The novelty of this study lies in the formulation and analysis of a hybrid model that combines virus diffusion with nonlinear immune feedback mediated by cytokines and macrophages. We incorporate a biologically motivated time delay representing intracellular viral replication and couple it with immune-mediated cell death. We also model macrophage activation by virus and cytokines, which further contributes to immune regulation. Analyzing the system, we derive conditions for infection spreading, compute the traveling wave speed and viral load, and complement the theoretical results with numerical simulations. These simulations reveal how macrophage degradation rates and cytokine feedback strength critically affect infection dynamics. Altogether, this study provides new insights into the thresholds that separate controlled from uncontrolled viral propagation.

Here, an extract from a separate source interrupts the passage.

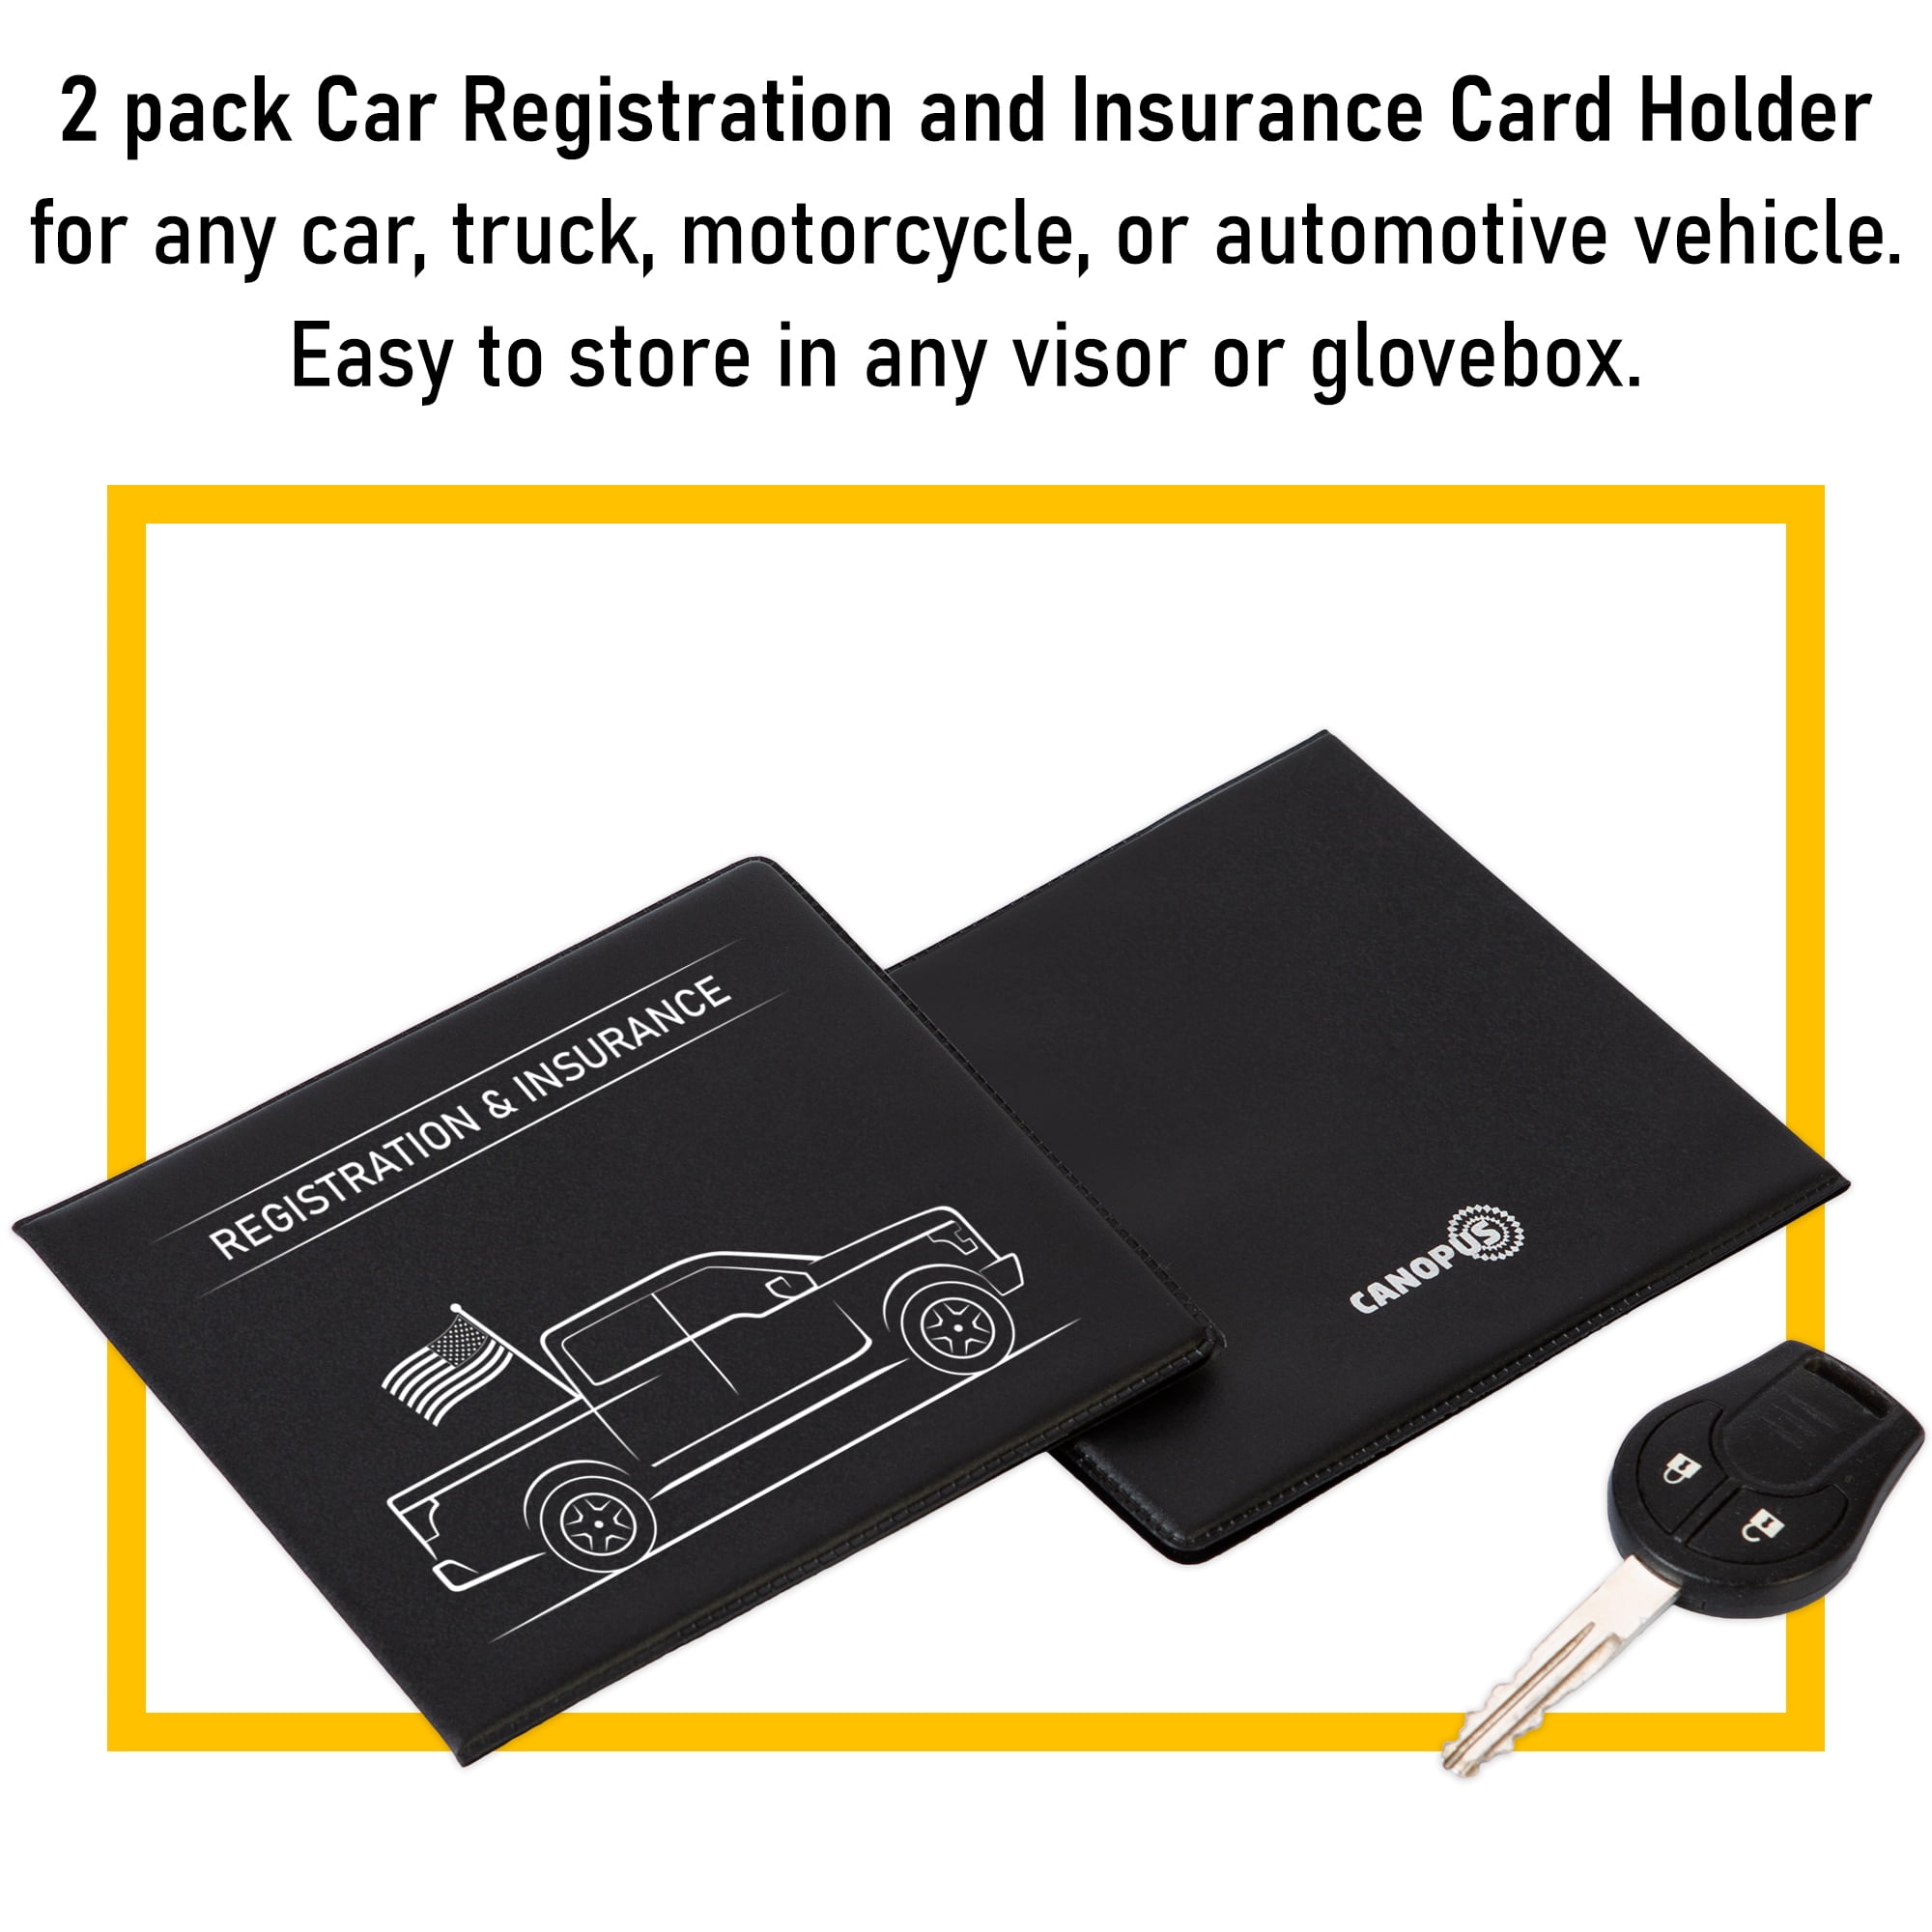  CoBak Car Registration and Insurance Holder - Vehicle

The remainder of this paper is structured as follows. Section 2 presents the mathematical formulation of the model. Section 3 analyzes the traveling wave solutions and conditions for their existence. Section 4 provides numerical simulations and investigates the impact of immune parameters. Section 5 discusses biological implications and outlines future research directions.

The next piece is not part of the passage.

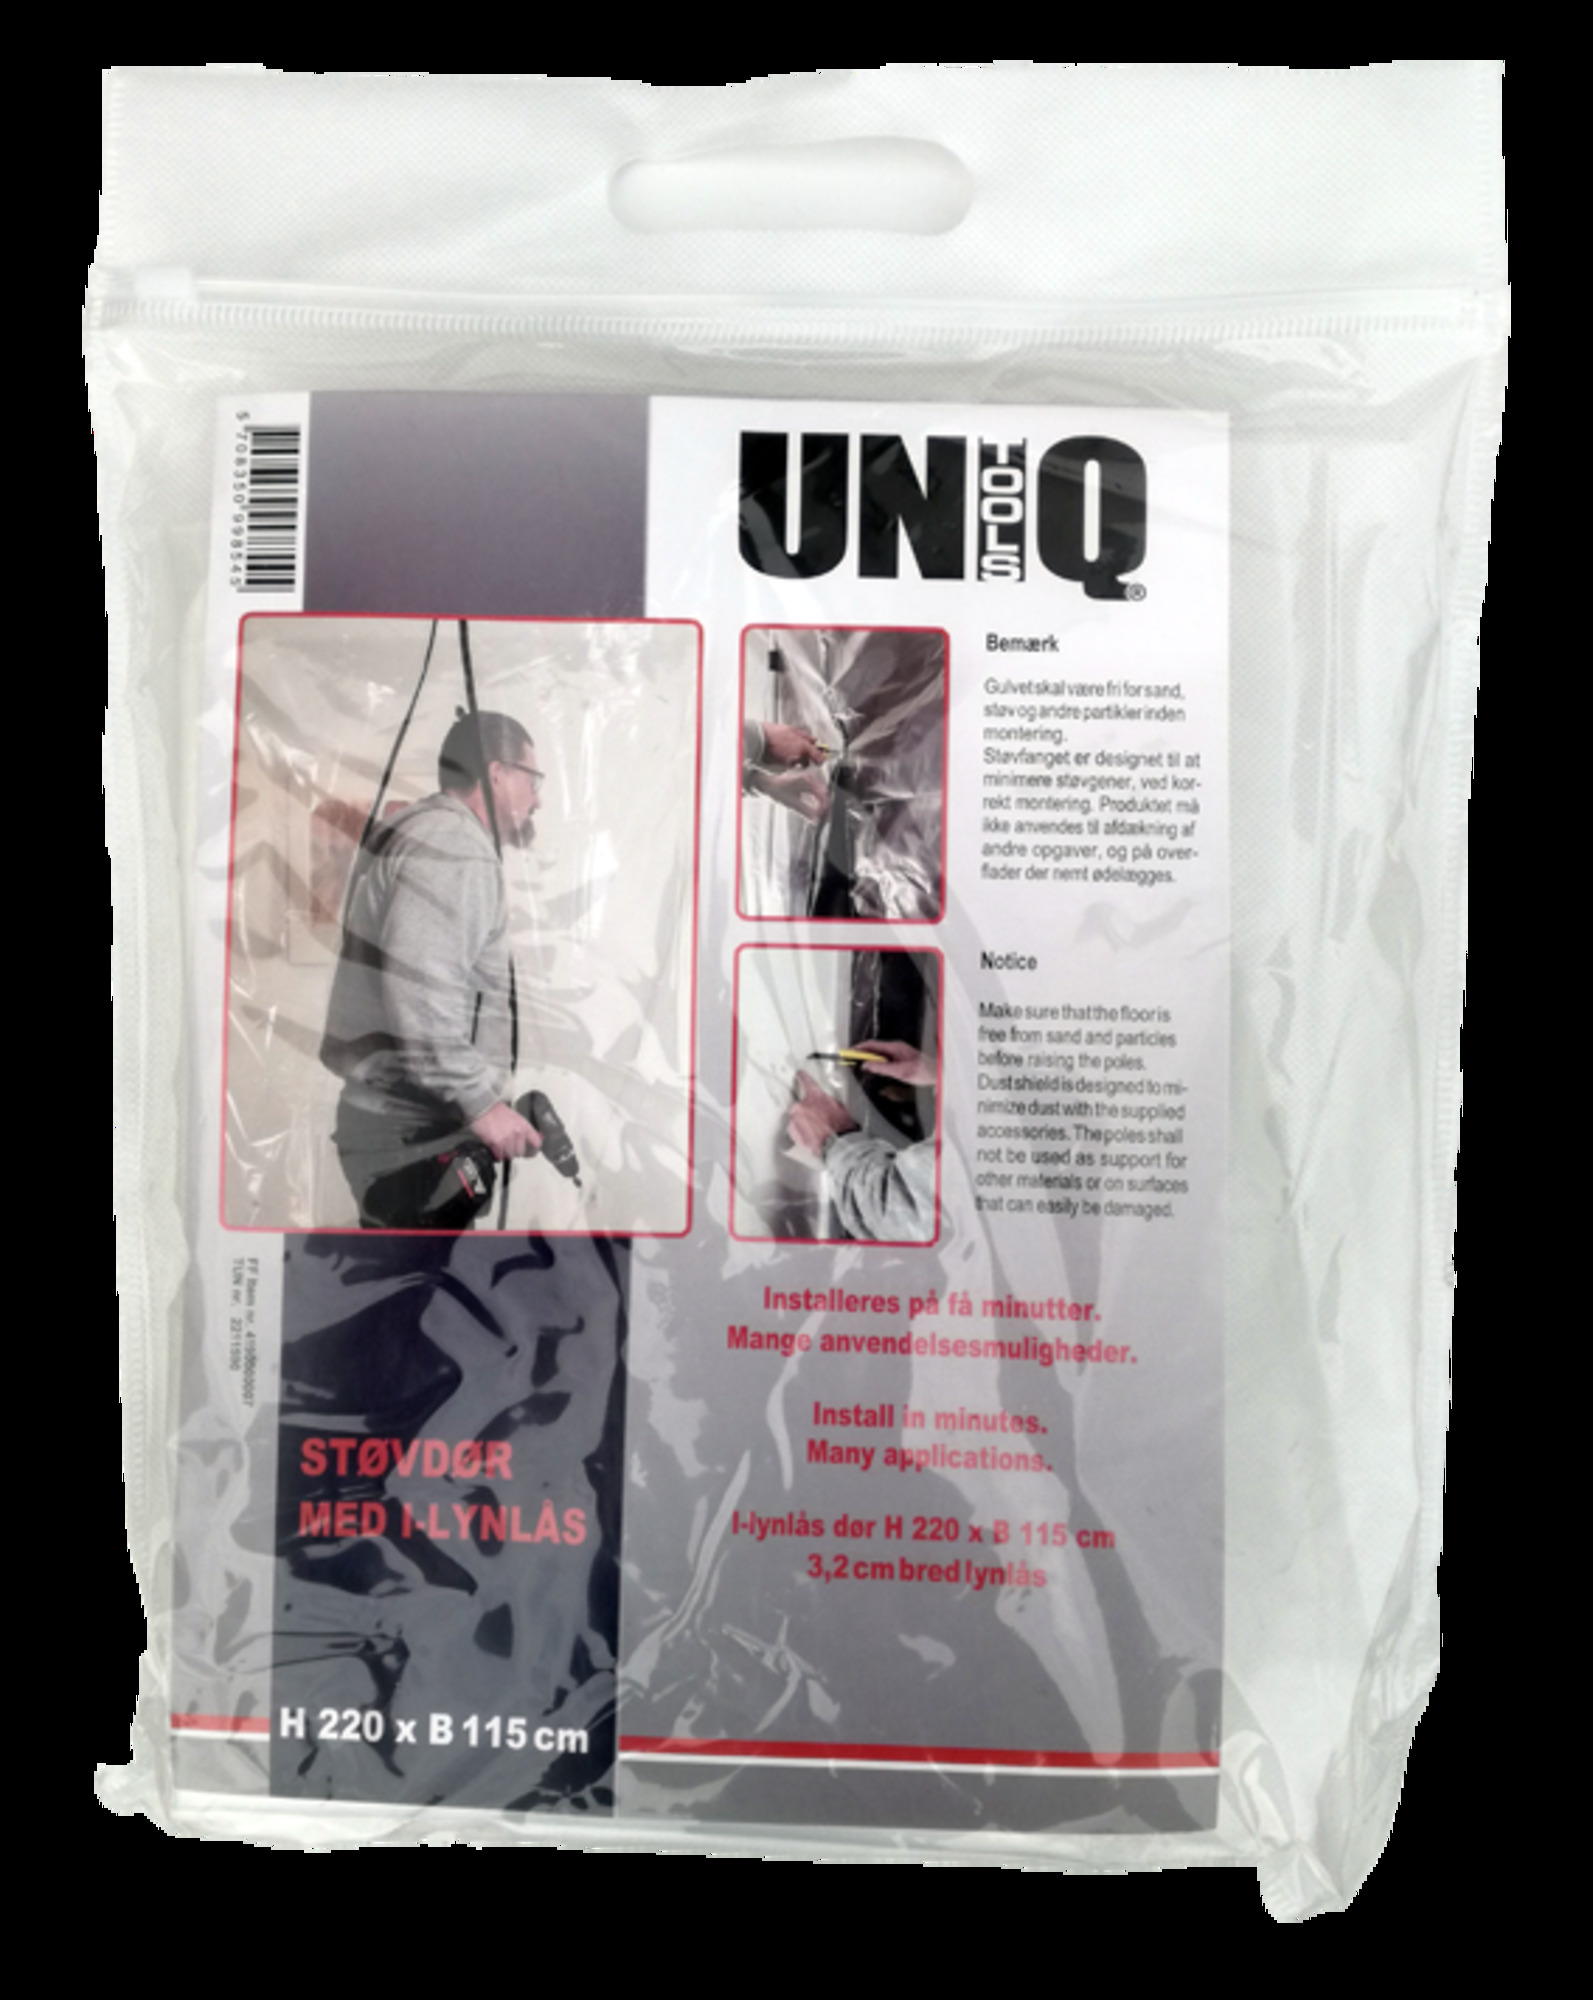 UNIQ Cover Støvdør m/I-lynlås 220x115cm | Ras

Figure 1 provides a schematic representation of the main biological interactions considered in this study. Virus particles infect susceptible cells and induce their death through cytokine-mediated signaling. Infected cells and activated macrophages both secrete inflammatory cytokines, which amplify immune-mediated clearance of infected cells. Viral particles also stimulate the activation of circulating macrophages, represented in the diagram by the transition from inactive macrophages M to activated macrophages N. In the mathematical model developed below, we do not introduce a separate variable M; instead, the pool of inactive macrophages is treated implicitly, so that the total number of circulating macrophages is kept constant. This modeling assumption reflects the idea that, during the early stages of infection considered here, macrophage activation occurs on a faster timescale than systemic recruitment and therefore dominates the dynamics.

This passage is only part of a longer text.